SOURCE MATERIAL: Begin

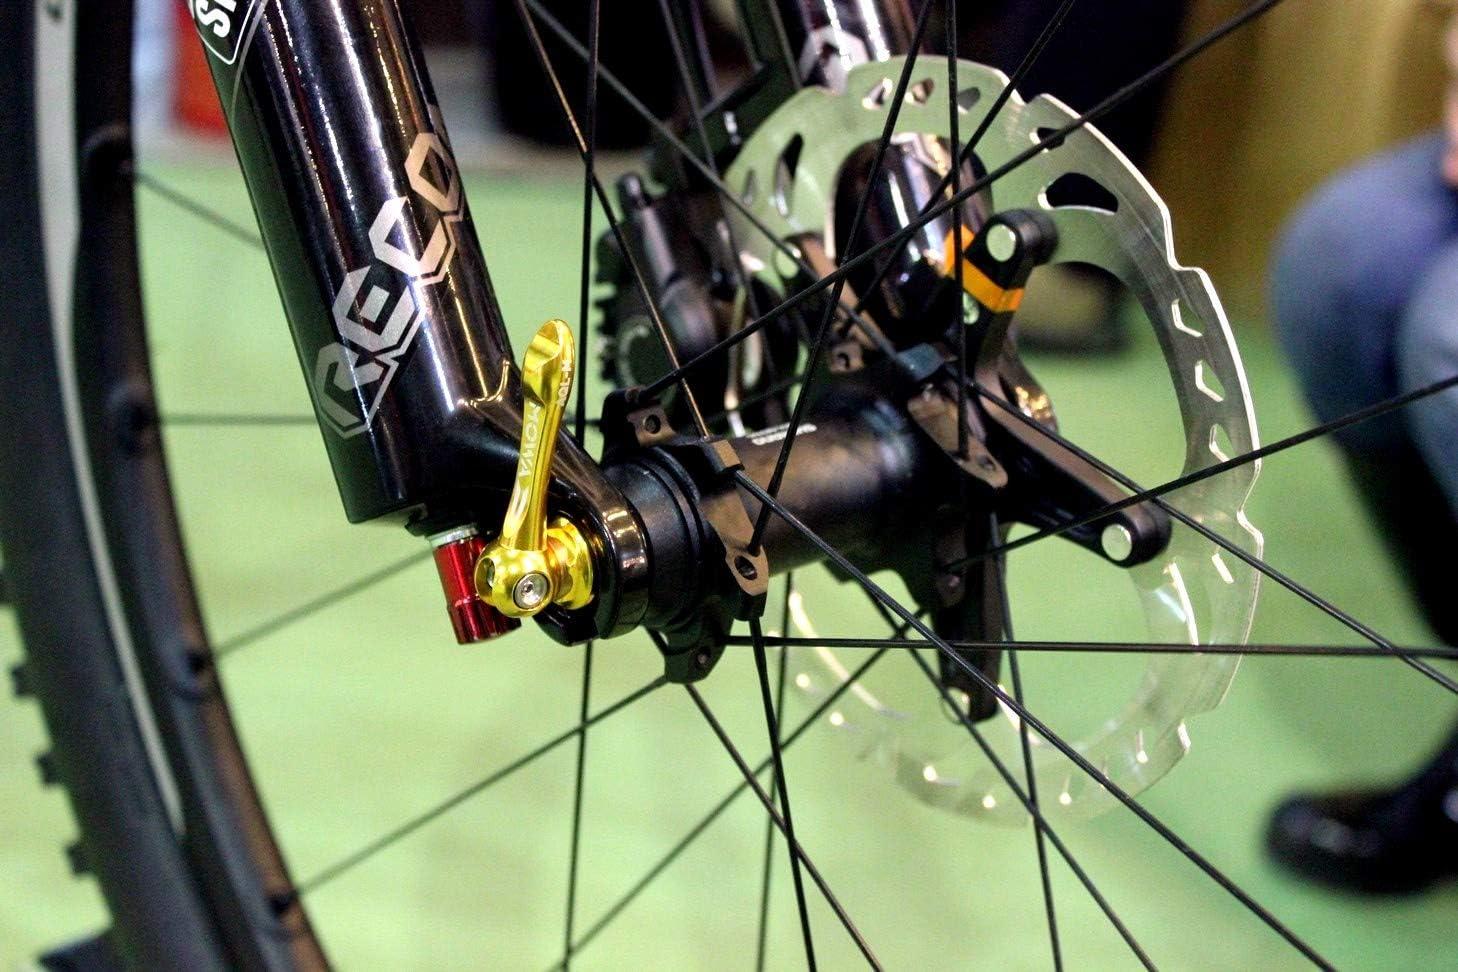 MOWA Road Cyclocross Cycling Bike Titanium Quick Release Ti QR Skewer Set Orange
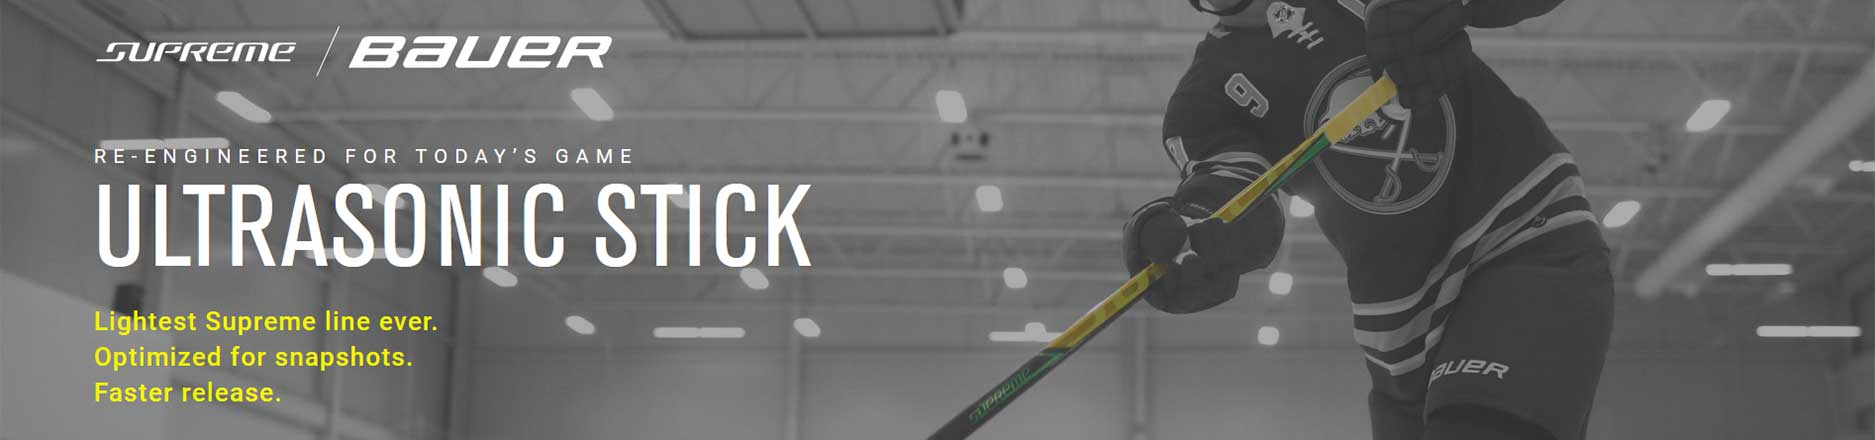 Bauer Supreme Ultrasonic hockey sticks
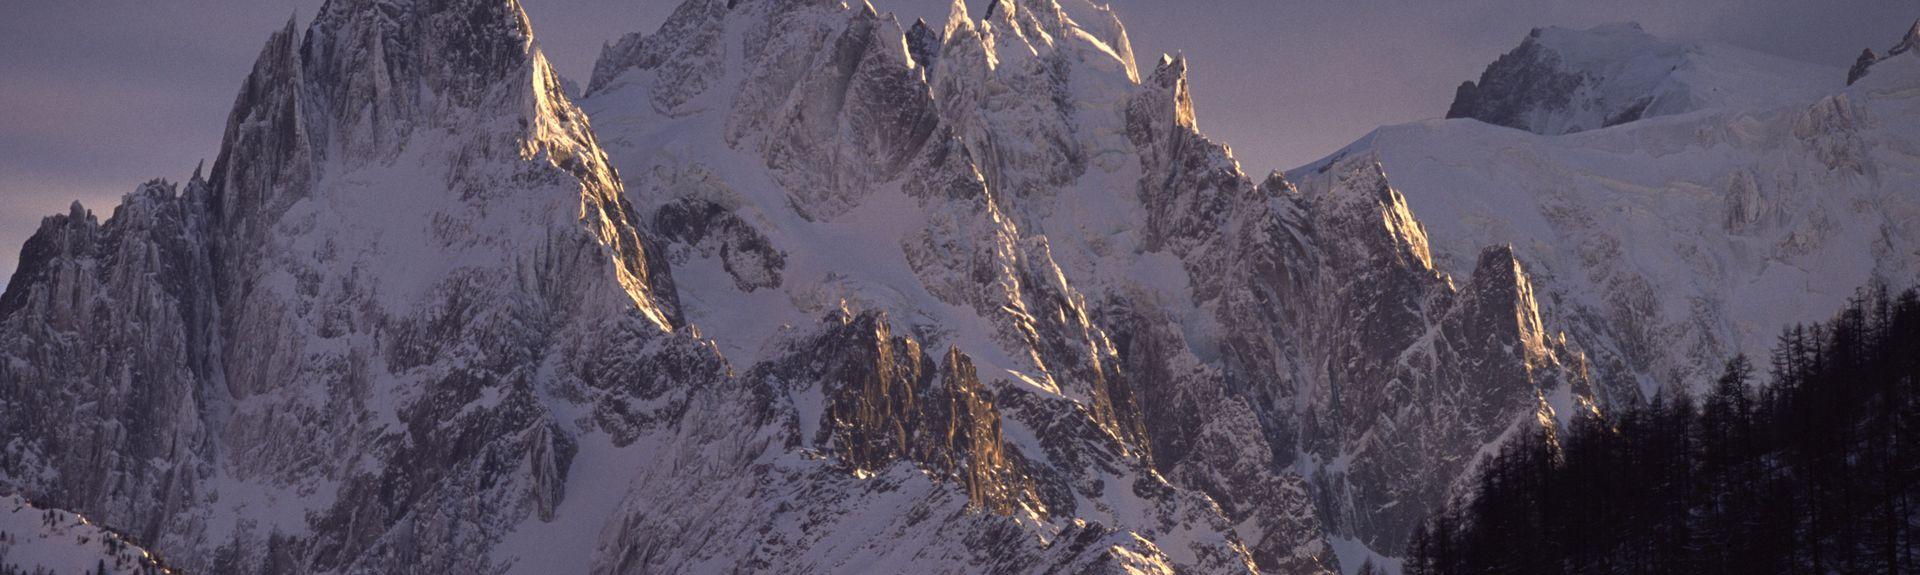 Skilift di Avoriaz, Morzine, Alvernia-Rodano-Alpi, Francia

SOURCE MATERIAL: End

* PROBLEM REQUIREMENTS: Repeat the material verbatim. Do not carry over any picture.

* SOLVED PROBLEM:
 MOWA Road Cyclocross Cycling Bike Titanium Quick Release Ti QR Skewer Set Orange
 Bauer Supreme Ultrasonic hockey sticks
 Skilift di Avoriaz, Morzine, Alvernia-Rodano-Alpi, Francia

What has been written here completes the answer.